# Porter/stout With Choc And Licorice



## altone (25/7/09)

Thought I ought to try a darker beer for a change, so a porter/stout is in order.

There are some excellent choc porter recipes here, but would like to also have a licorice flavour
to the beer, probably only because I'm used to that from the UK.

Anyone point me to a nice starting recipe - anything from K&K to AG is fine, so long as it tastes yummy.

If I get a barrage of "don't do it" I'll just do a choccy one.

Thanks guys


----------



## thylacine (25/7/09)

Recently bottled 25 litres of a toucan Stout/Dark ale with other bits. Including 5ml of licorice essence as the krausen started to drop. Didn't taste the latter from the Fg sample. If the licorice doesn't 'emerge' after a bit of bottle conditioning , next time I may try some real star anise and/or an increased amount of essence. In addition, some brewers have used licorice jelly babies/beans for (bottle) priming sugar.


----------



## altone (25/7/09)

thylacine said:


> Recently bottled 25 litres of a toucan Stout/Dark ale with other bits. Including 5ml of licorice essence as the krausen started to drop. Didn't taste the latter from the Fg sample. If the licorice doesn't 'emerge' after a bit of bottle conditioning , next time I may try some real star anise and/or an increased amount of essence. In addition, some brewers have used licorice jelly babies/beans for (bottle) priming sugar.



What a great idea - got plenty of star anise in the pantry - although It'd have to be used sparingly or it'll overpower the rest of the flavours.

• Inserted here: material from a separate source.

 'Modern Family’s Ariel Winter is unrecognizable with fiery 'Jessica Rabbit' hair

Might just do a straight choc porter and split in two - add anise to one half and compare.
Unless someone comes up with a killer recipe.


----------



## MHB (25/7/09)

Just a personal opinion here, but yes Anise will kill any good porter or stout recipe.
MHB


----------



## RdeVjun (25/7/09)

boddingtons best said:


> What a great idea - got plenty of star anise in the pantry - although It'd have to be used sparingly or it'll overpower the rest of the flavours.
> 
> Might just do a straight choc porter and split in two - add anise to one half and compare.
> Unless someone comes up with a killer recipe.


I second the star anise in darker ales, I've found that it is just brilliant in a dry stout. 15- 20g in a k&b mini boil works rather well, even more if it takes your fancy. I much prefer it in a dry, not a sweet stout, YMMV in a choc porter, so half and half would be sensible IMO, but it might work.
A word of caution though- anise is not everyone's cup of tea and some folks are just repulsed by it (MHB's opinion noted!) So before you bung it in, be sure that its for you- if its in your pantry then that's probably a good sign.


----------



## MHB (25/7/09)

Oh don't get me wrong, I love Liquorice, Anis, Ouzo and Sambuca, I also love Stout and Porter - Just NOT in the same farking glass!

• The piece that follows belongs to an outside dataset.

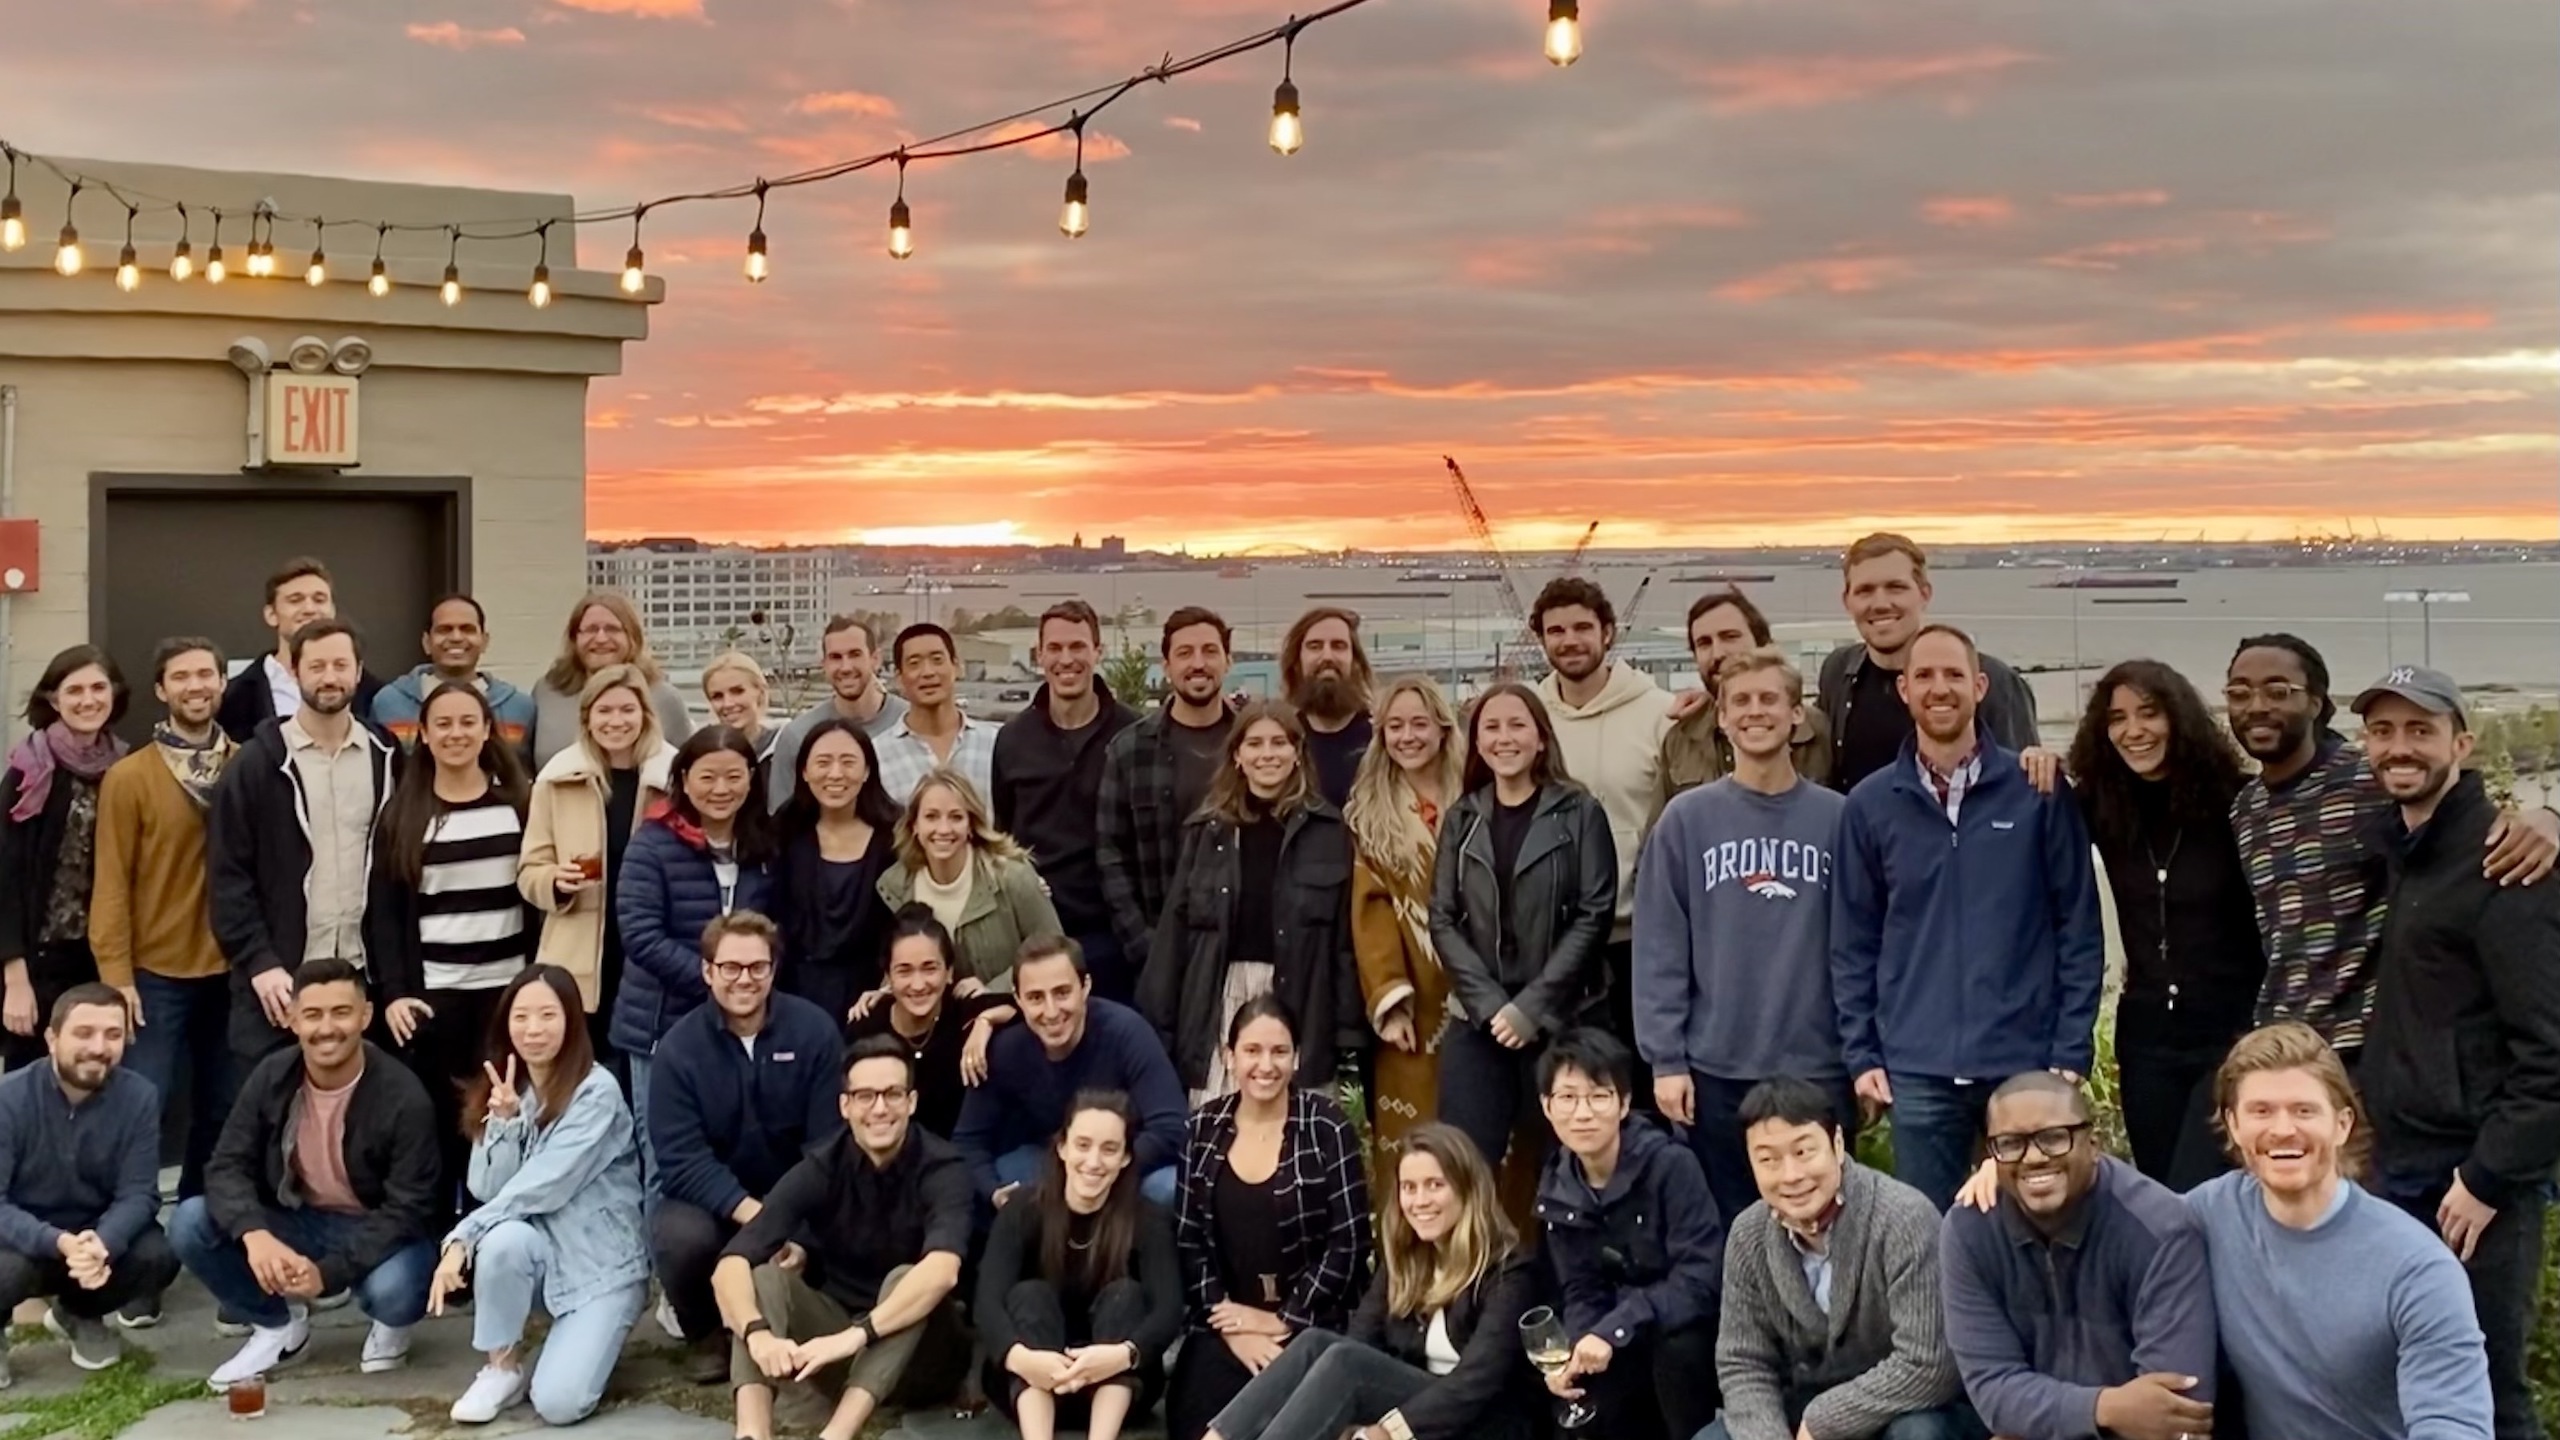 Ethic employees pose for a group photo on a rooftop at sunset.

Black jelly bean anyone?  



M


----------



## rackemup (25/7/09)

the only peice of advice i have to add is concerning jelly beans, they should not be used as the sole source of carbonation since they do not break down and the sugars will not dissolve - so if using black jellybeans i would still bulk prime/carb drops as per usual then drop in the jellybeans for flavour. on a different note i bought a 50g vacuum packed groung coffee and soaked in cold water for 2 days then filtered,boiled(sterilize) and added to 20ltrs of stout, i will let ya know how it goes. :icon_chickcheers:


----------



## thylacine (26/7/09)

[quote name='Rack'EmUp' post='496561' date='Jul 25 2009, 11:26 PM']the only peice of advice i have to add is concerning jelly beans, they should not be used as the sole source of carbonation since they do not break down and the sugars will not dissolve - so if using black jellybeans i would still bulk prime/carb drops as per usual then drop in the jellybeans for flavour. on a different note i bought a 50g vacuum packed groung coffee and soaked in cold water for 2 days then filtered,boiled(sterilize) and added to 20ltrs of stout, i will let ya know how it goes. :icon_chickcheers:[/quote]

Hmmm,

http://www.aussiehomebrewer.com/forum/inde...3513&st=0... 
"Friend of mine used black jelly beans to prime their stout (one in each bottle)...it was delicious. Each to their own and all that." Cheers, Steve

http://www.hbkitreviews.com/view-id-6-morg...side-stout.html
..."I split the batch into 2. I carbonated one with normal Coopers Carbonation Drops and the other I used Black Jelly Beans... It tastes really really nice. I wish I still had more of those left", by Bionic


----------



## rackemup (26/7/09)

thylacine said:


> Hmmm,
> 
> http://www.aussiehomebrewer.com/forum/inde...3513&st=0...
> "Friend of mine used black jelly beans to prime their stout (one in each bottle)...it was delicious. Each to their own and all that." Cheers, Steve
> ...




??? I didnt say it would not work or that it wouldnt taste nice, just that the sugars in jelly beans arent fully fermentable. take your time to properly read posts before you reply.
Hmmmm...


----------



## mwd (26/7/09)

Somebody posted that jelly babies work well I suppose they are a bit bigger than the beans.


----------